An eye for an eye

Meet Ameneh Bahrami.

Four years ago, a spurned suitor poured a bucket of sulfuric acid over her head, leaving her blind and disfigured.

Ms. Bahrami asked that her attacker be given a punishment fitting the crime. How did the court decide?

Late last month, an Iranian court ordered that five drops of the same chemical be placed in each of her attacker’s eyes, acceding to Bahrami’s demand that he be punished according to a principle in Islamic jurisprudence that allows a victim to seek retribution for a crime. The sentence has not yet been carried out.

The implementation of corporal punishments allowed under Islamic law, including lashing, amputation and stoning, has often provoked controversy in Iran, where many people have decried such sentences as barbaric.

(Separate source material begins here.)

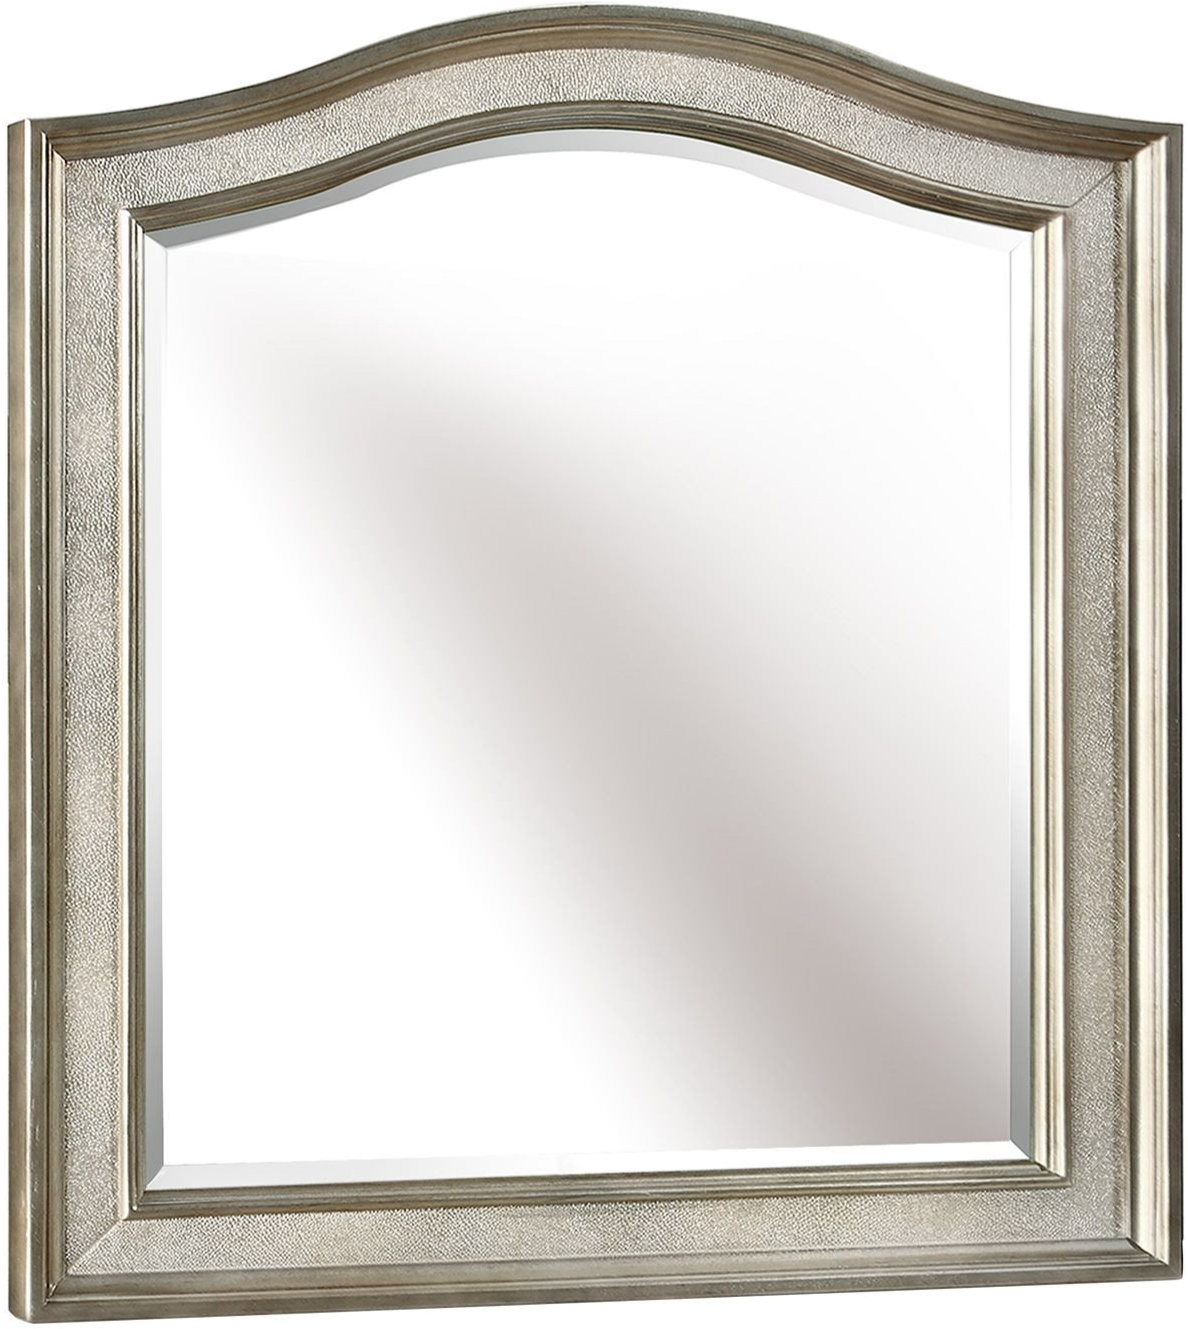 Vanity Mirror Png Transparent Background Coa Inc.

Courts usually order families of the accused to pay “blood money” for the crimes. But Bahrami insisted on the punishment. She had several meetings with the head of Iran’s judiciary, Ayatollah Mahmoud Hashemi Shahroudi, who tends to favor less strict interpretations of Islamic law.

“Shahroudi really pressed me to demand blood money instead of retribution. He explained that such a sentence would cause lots of bad publicity for Iran. But I refused,” she said.

One of my favorite bloggers, Ann Althouse writes

Surely, Shahroudi must know that Iran gets bad publicity for these “blood money” punishments — which look more like our tort remedies. It’s a crime. Put that man in prison for a long, long time if you want our respect.

Was the ruling in Iran barbaric or just?